The letters of Kiliaen van Rensselaer break off abruptly in 1643. As already intimated above, the patroon lived till 1646, and it is likely therefore that another letter book, containing
accounts of transactions between these two dates was at one time in existence. That no such book is available is especially regrettable because the year 1643 marks an interesting period in the
history of the colony when owing to the fur trading privileges granted by the second charter of Freedoms and Exemptions many people flocked to the colony and the patroon was obliged to issue the most
vigorous instructions to maintain his rights. Such a book would therefore not only have given us more definite information than we now possess about the closing years of the administration of
Adriaen van der Donck and have thrown light on the relative importance of the settlement on the east side of the river where the patroon intended that all mechanics should dwell and the first
church should be erected.
Among matters found in the papers that are of interest outside of the local affairs of the colony may be mentioned the fact that Pavonia was bought by the Company as early as 1634, and not as is
generally believed in 1637; the new light thrown on Peter Minuit whose contract for the sale of cattle, entirely in his own handwriting and in good Dutch though with distinctly German
spelling, is found in the Letter Book; side lights on the administration of Wouter van Twiller and Willem Kieft, to whom the patroon addresses a number of letters; the fact that
Hendrick de Forest, the supposed founder of the town of Harlem, did not, as stated by Riker, arrive in the fall of 1636, but in the spring of 1637; the confirmation of the tradition
concerning the origin of the name of Storm van der Zee, the eldest son of Albert Andriesz Bradt; and the fact that Bastiaen Jansz Krol was director general of New Netherland from
March 1632 to April 1633, between the administration of Peter Minuit and Wouter van Twiller.

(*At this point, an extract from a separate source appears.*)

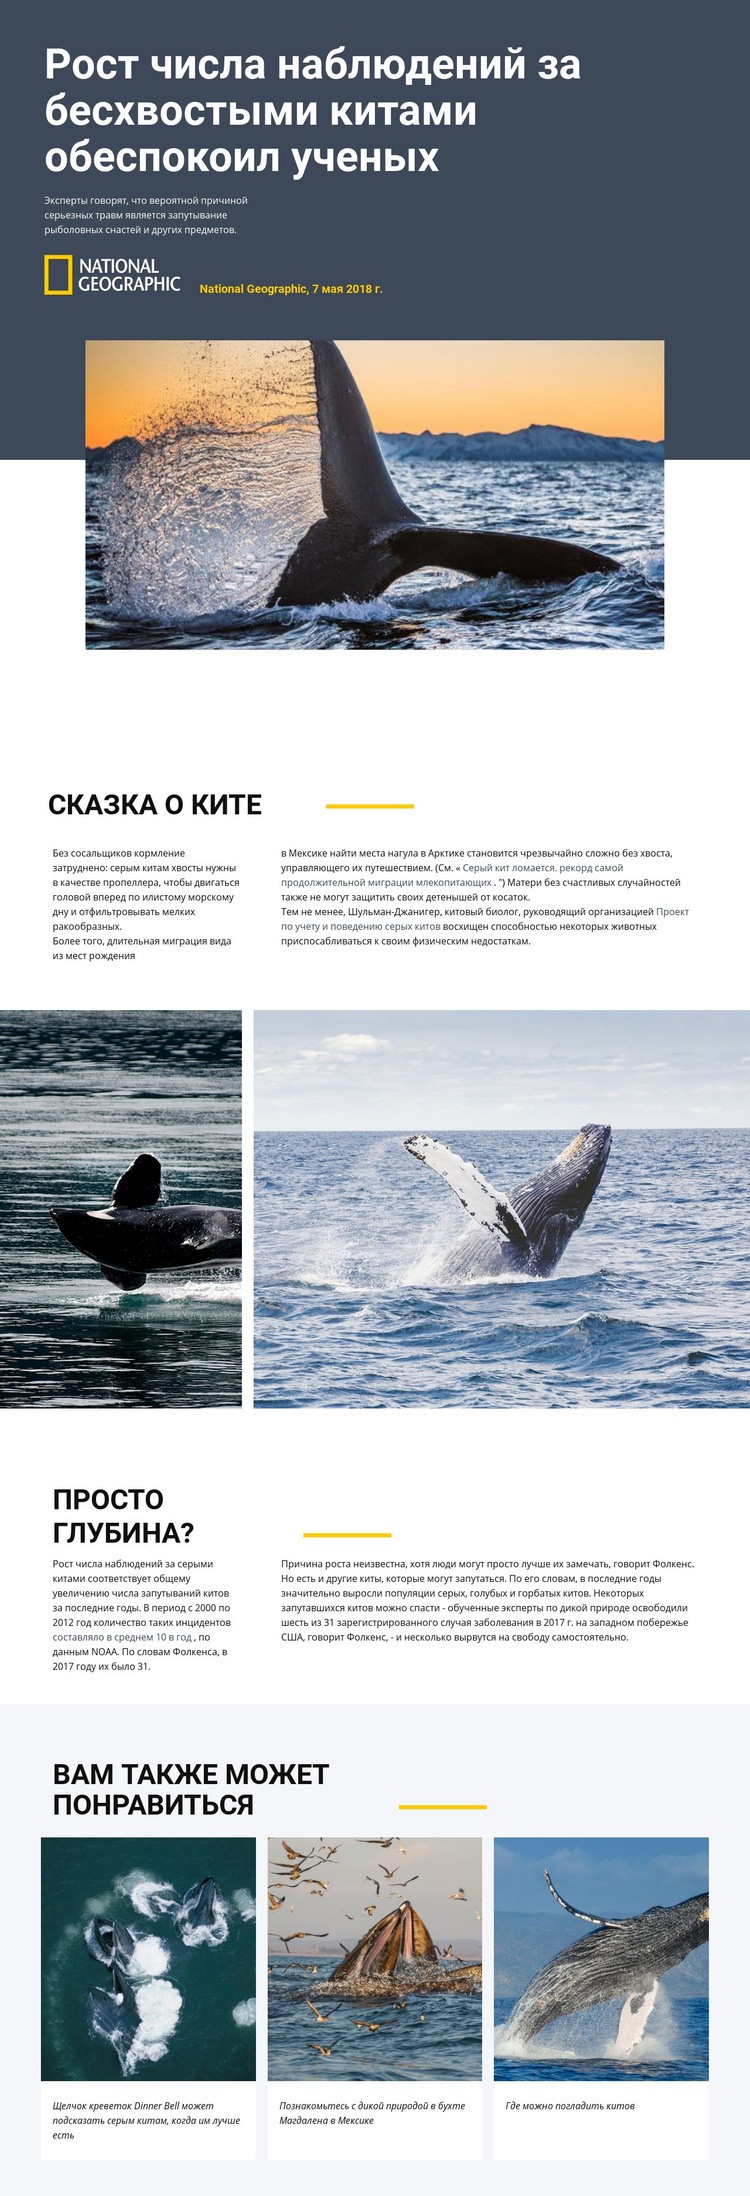 Центр наблюдения за китами Шаблон
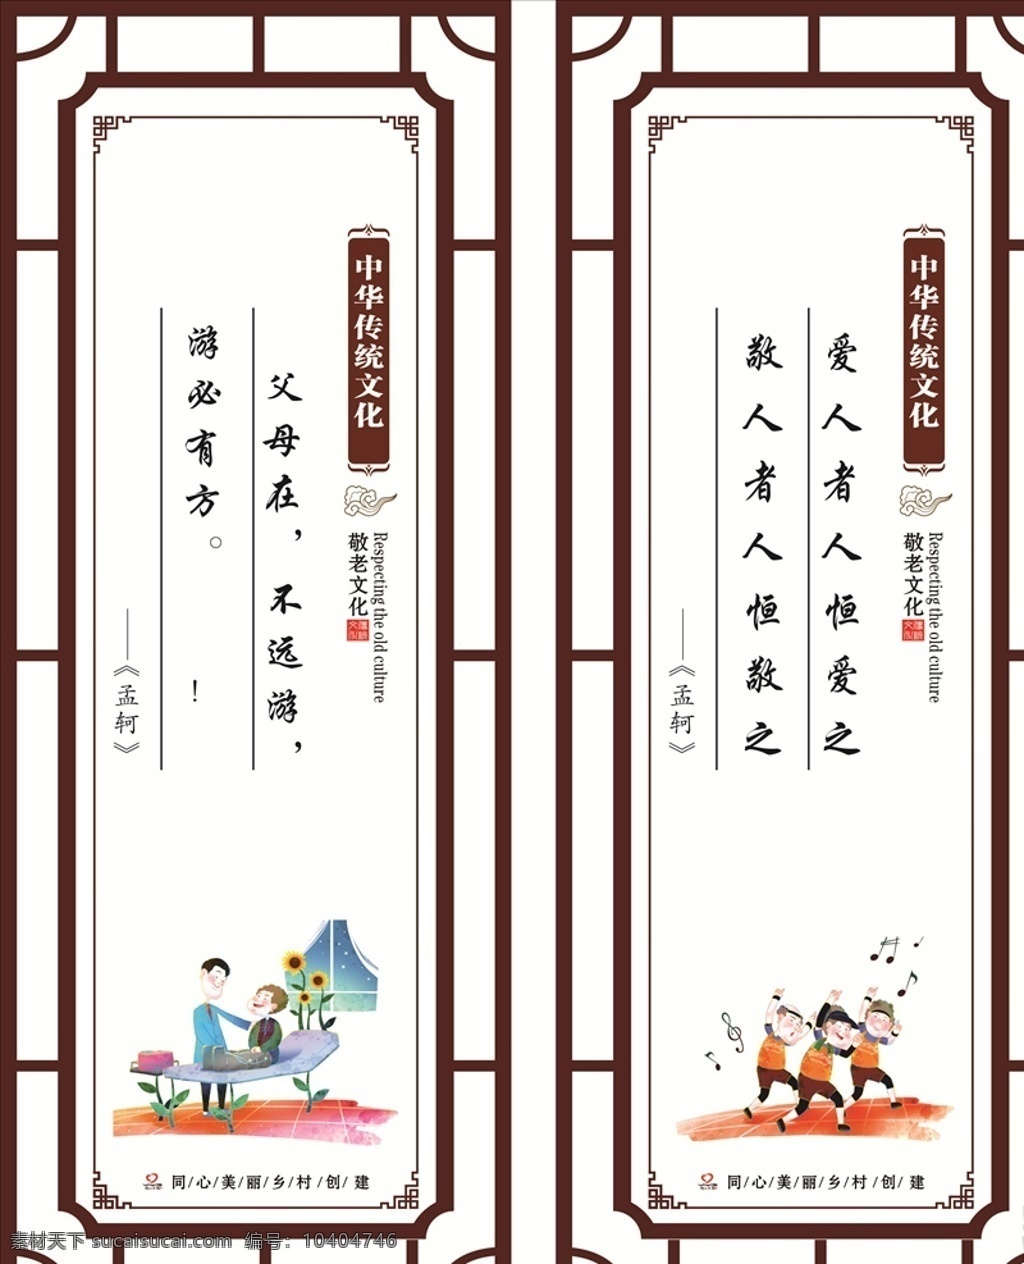 敬老院 论语 卡通人物 中国文化 统战文化 标志

In closing, the editor wishes to state that while in the present work it has frequently been necessary to call attention to errors in the work of Dr. E. B. O'Callaghan, it has by no means
been his intention to detract from the great merits of the pioneer work which this gentleman accomplished. In spite of many inaccuracies, O'Callaghan's History contains to this day the only
full account of the colony of Rensselaerswyck based on original sources and all who use it must needs be under obligation for the very material help afforded. The time has come however for a revision
of many of the statements made and it is hoped that the present volume will aid in inducing some competent investigator to study the whole subject afresh and produce a work that will more nearly
answer the requirements of the present time.
1The Introduction presented by A.J. Van Laer, is presented here in part from the original 18 pages to offer information pertinent to general genealogical research. It is recommended to
refer to the original publication if one requires a more detailed introduction and contents of the collections.
Van Rensselaer Bowier Mss, Translated and edited by A. J. Van Laer, Archivist, (c) 1908.